In-between these Dwtn nodes is mostly dead spaces mixing parking garages & lots and large office buildings. Like other southern downtowns, Winston-Salem does not provide good transit and bike connections to the broader metro area, nor is to a major jobs hub for the region. Another large deficiency is a lack of parks and a civic heart. The Innovation District’s Bailey Park helps with this somewhat, but it is located on the eastern edge of Dwtn. Downtown also needs a significant increase in neighborhood serving retail and uses, although access to quality schools is certainly strong here.


* Generally good racial and economic diversity Dwtn.
* The grid functions very well but lots of autocentric one-way streets through Dwtn.
* For sale prices are generally on the high end but good diversity in price points (high 100s-800K) and llots of 2-bedroom and even 3-bedroom townhouses. Rental inventory is a bit limited but moderate for Dwtns with 1-bedrooms renting in the low $1,000s and 2-bedrooms closer to 2K.
* Culturally a good array of restaurants, bars, and live music venues. There is also a thriving arts sub-district Dwtn hosting many galleries. Dwtn also hosts a nice set of theaters (movie, performing, community theater, and historic concernt hall).
* Typical gov’t bldgs and a nice convention center are located Dwtn.
* Host Dwtn safety and clean ambassadors.
* Nice array of boutiques and unique stores esp. along Trade St. in the Arts District.

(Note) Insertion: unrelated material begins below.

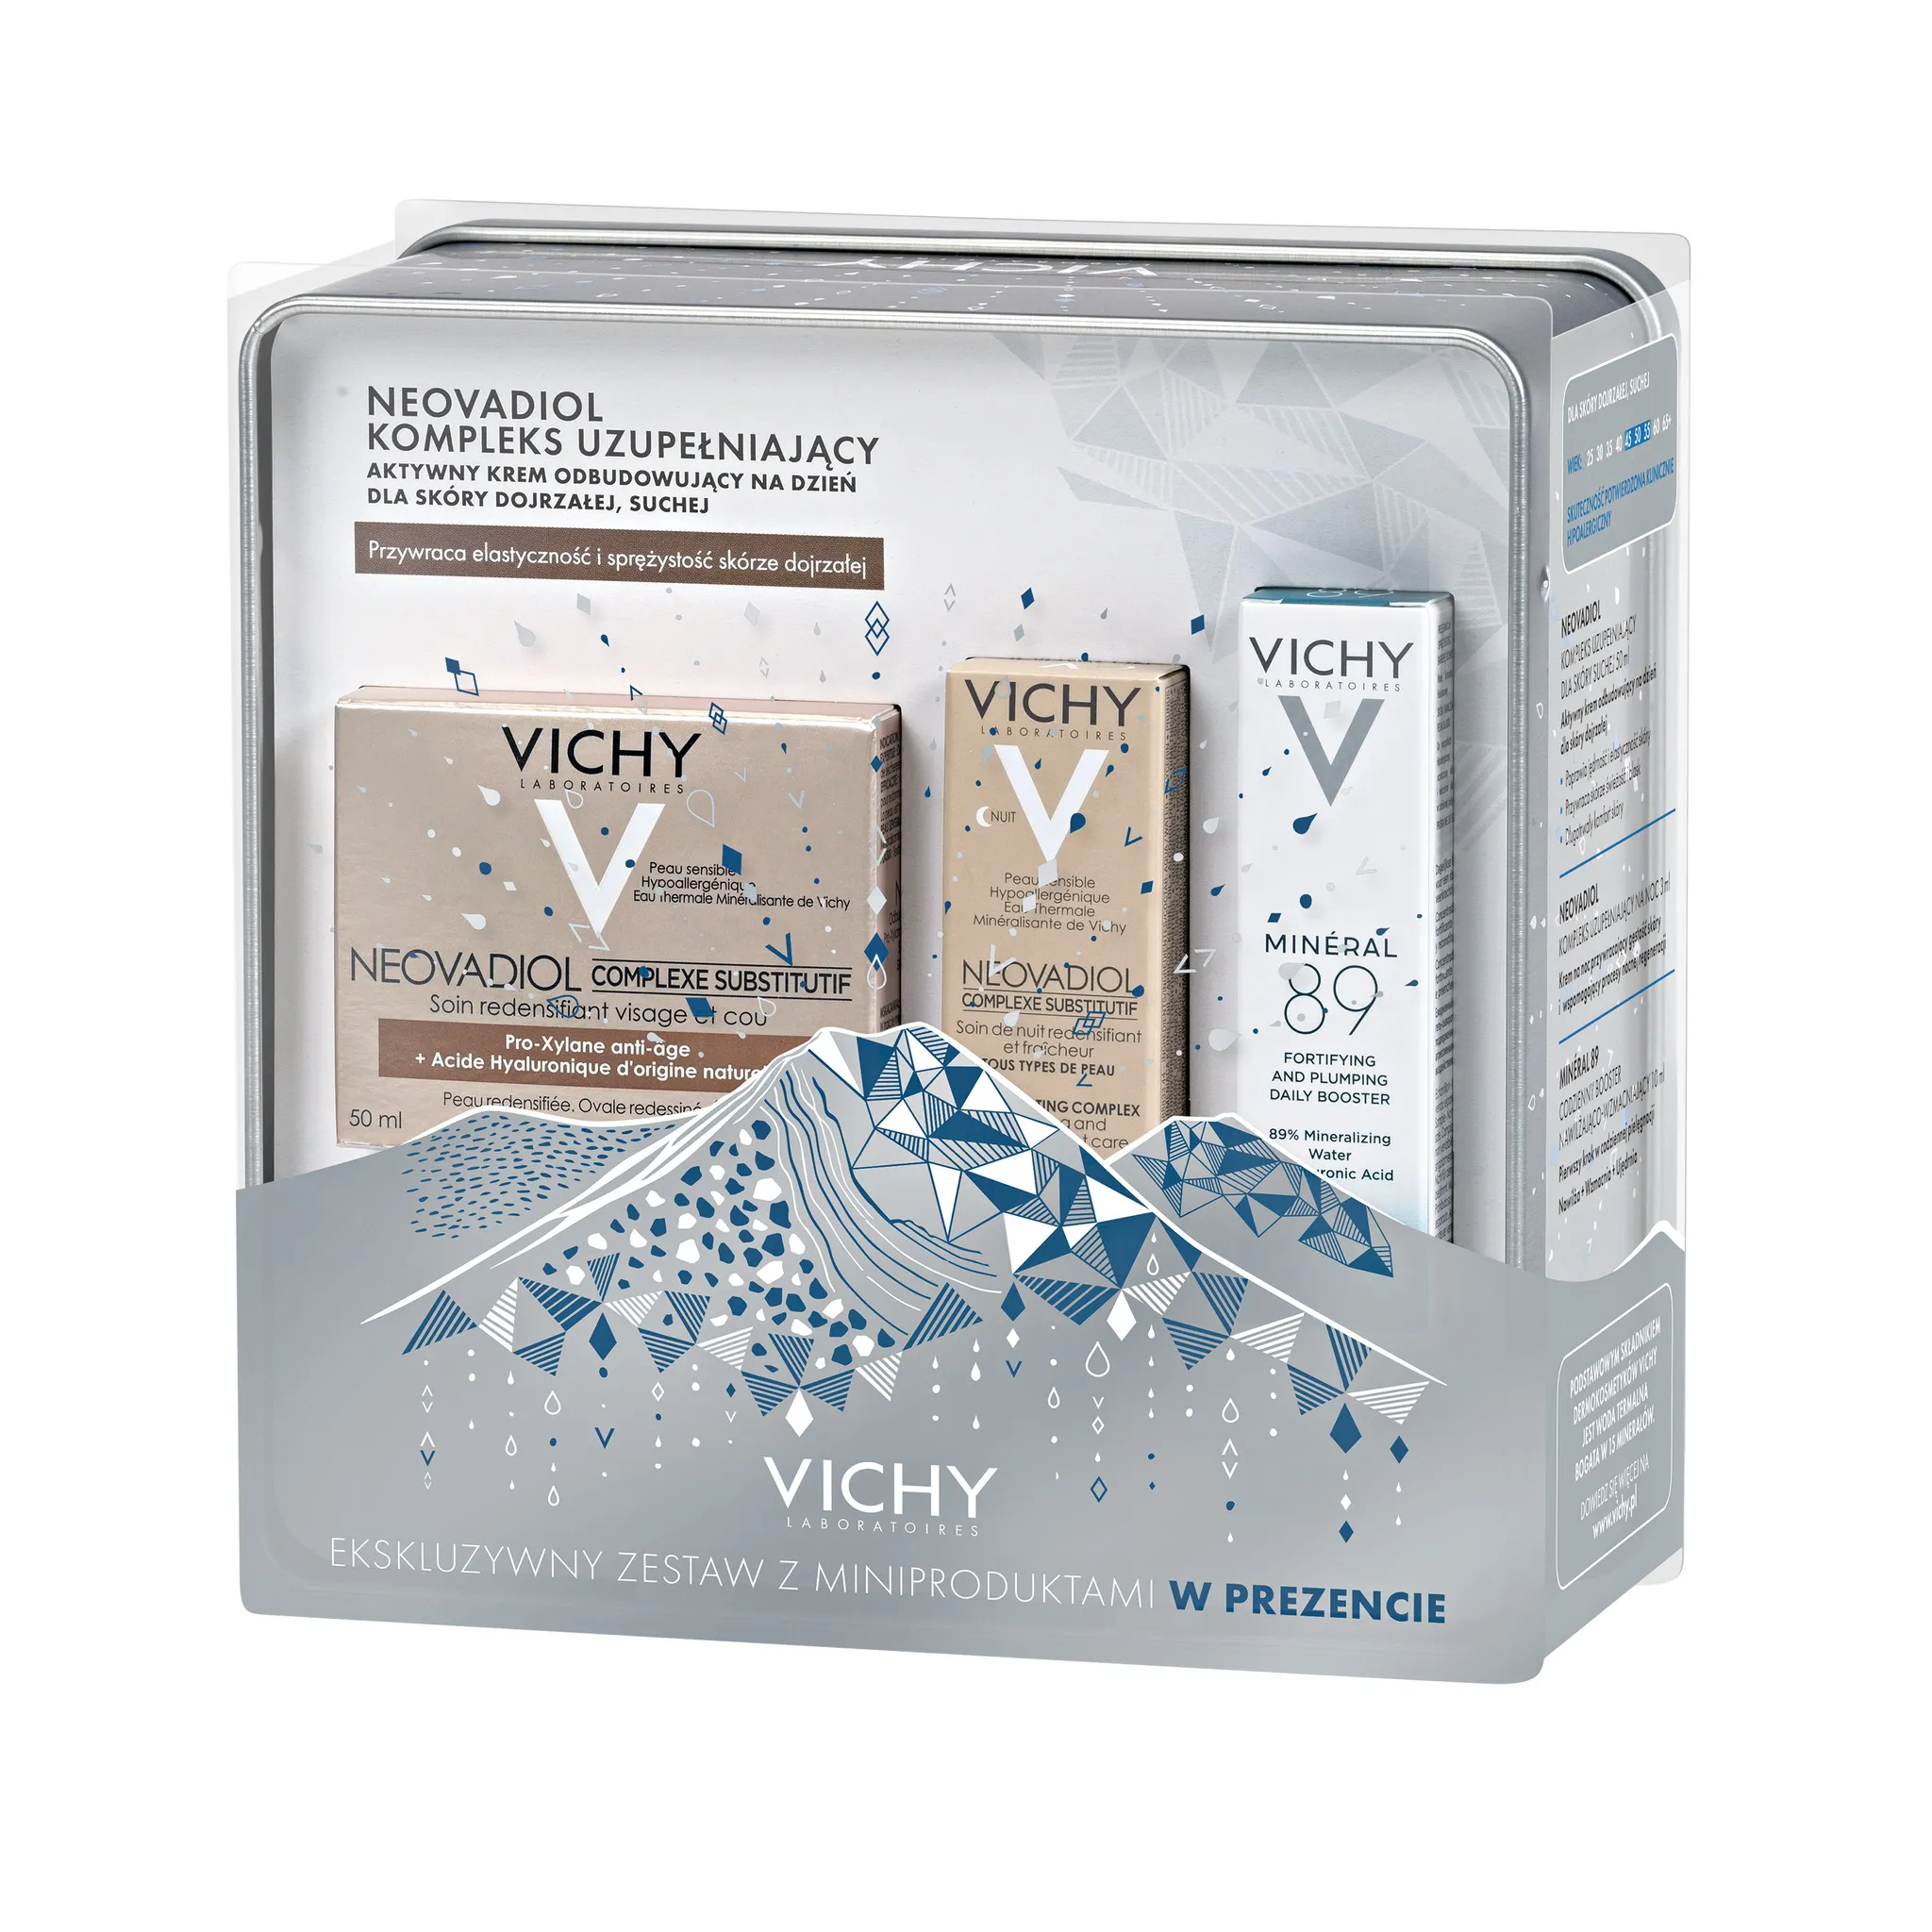 Vichy zestaw Neovadiol Kompleks Uzupełniający, krem do skóry suchej, 50 ml + codzienny booster Mineral 89, 10 ml  + krem na noc, 3 ml

Also a couple drug stores.
* Solid historic architecture.
* Nice skyline, esp. for a mid-sized city.
* Distinct subdistricts (Arts and Innovation District) give Dwtn some good imagability. But certainly plenty of blah spaces Dwtn.
* Several quality schools located Dwtn. The public high school located just east of Dwtn. 

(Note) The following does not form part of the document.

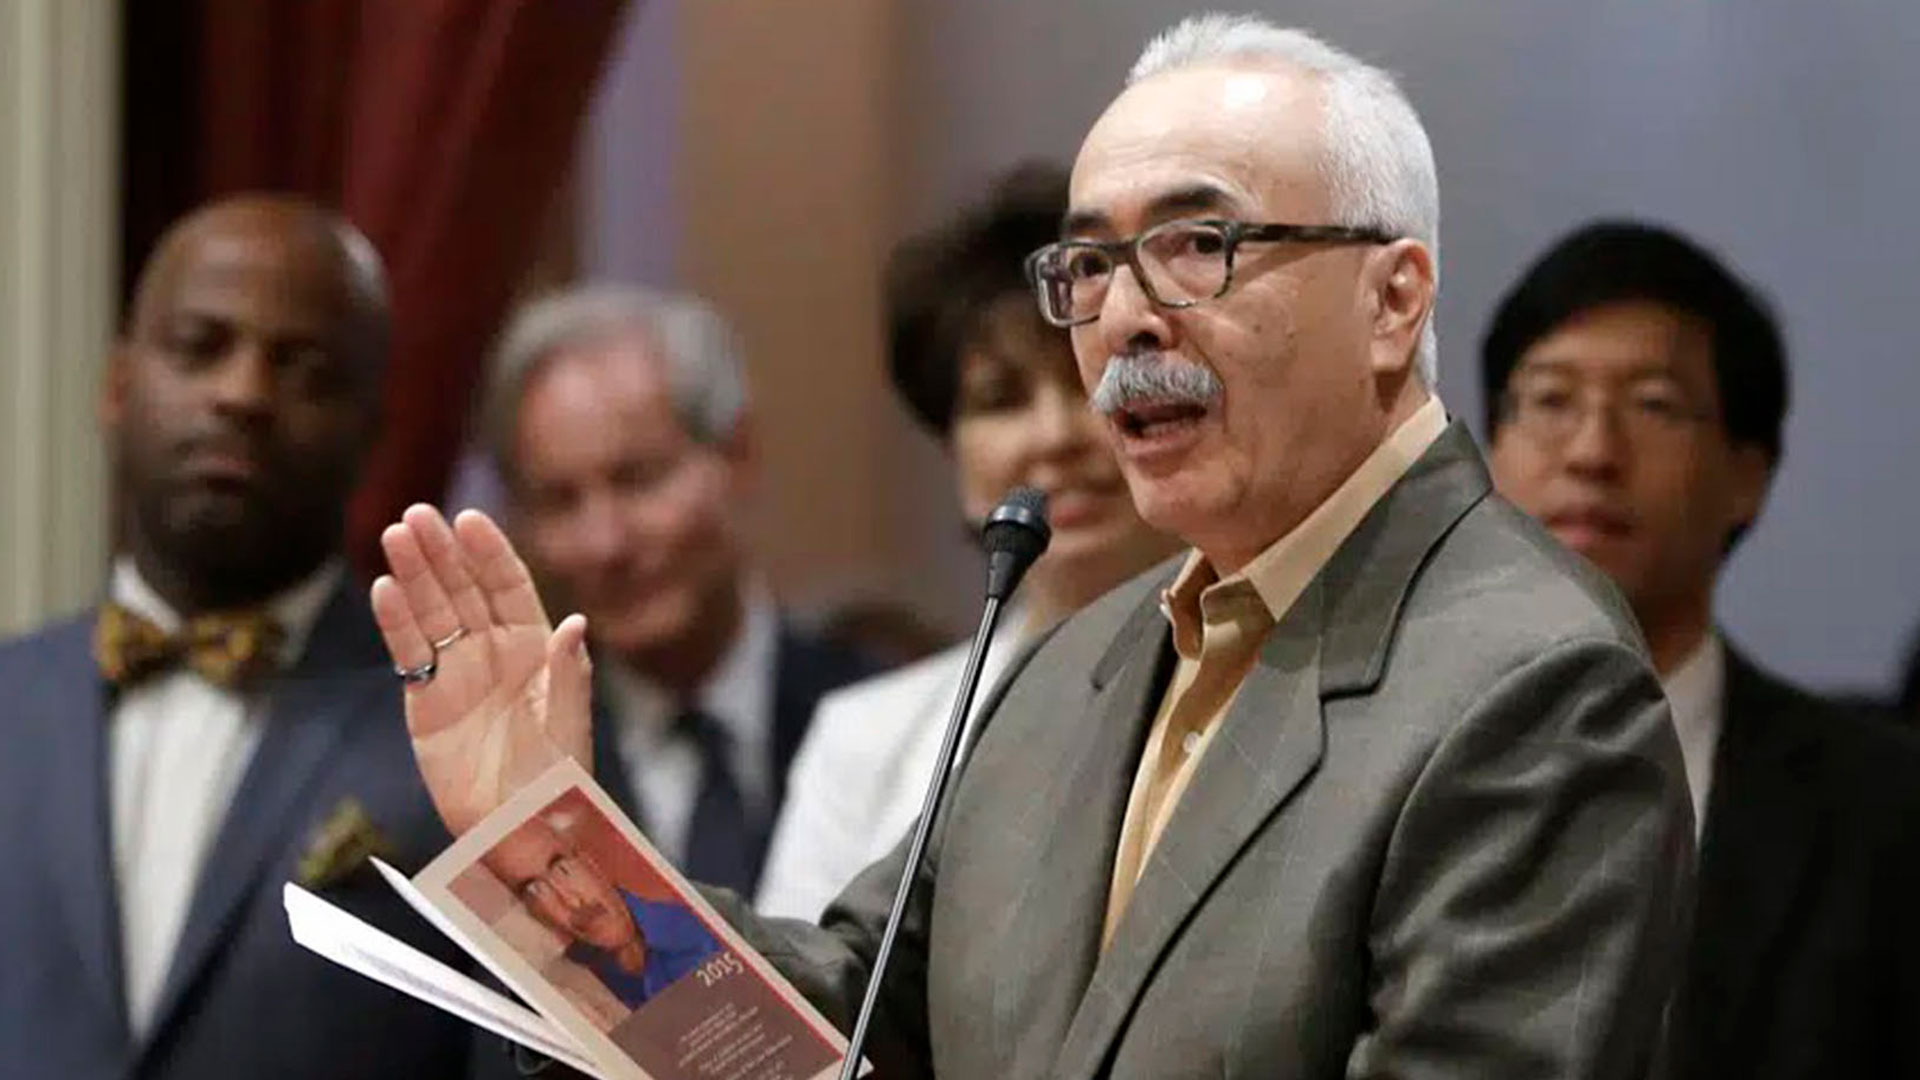 Juan Felipe Herrera, el primer poeta latino laureado en Estados Unidos con la Medalla Frost, lee uno de sus poemas ante el Senado del Estado de California el 6 de julio de 2015 (Foto de archivo: AP Photo/ Rich Pedroncelli)

* Solid public transit access downtown and in immediately adjacent neighborhoods, but becomes mediocre pretty quickly. Also no transit access to the airport.
* Bike infrastructure is limited to several small bike lanes segments and dedicated bike stations only in Dwtn. Across the City/region only large segments of bike lanes in parts of South Winston-Salem.

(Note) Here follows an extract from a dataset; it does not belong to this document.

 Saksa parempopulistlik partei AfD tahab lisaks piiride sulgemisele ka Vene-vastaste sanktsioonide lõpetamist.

* Family activities pretty limited.
* ADA infrastructure is a mixed bag throughout Dwtn.
* Parks are pretty limited. The best one is the new Bailey Park, part of the Innovation District. This is very active and has lots of events. The other two are tired looking modernist plazas.
* Bailey Park fucntions as the best Civic Plaza but not centrally located.
* Limited musuems and only one sports stadium located on the western edge of Dwtn.
* Total jobs Dwtn is only about 20-25K, pretty low for a region of this size.
* No supermarkets and certainly no Department stores.
* Much of the modern architecture is bland modern towers. Some nice post modern skyscrapers.
* Urban form solid along Trade St and 4th St and some surrounding streets and in the Innovation District. Much of Dwtn are either autocentric and filled with skyscrapers not relating well to the street.
* Only a small medicine college located Dwtn, but Winston State University (5K students) is lcoated just SE of Dwtn.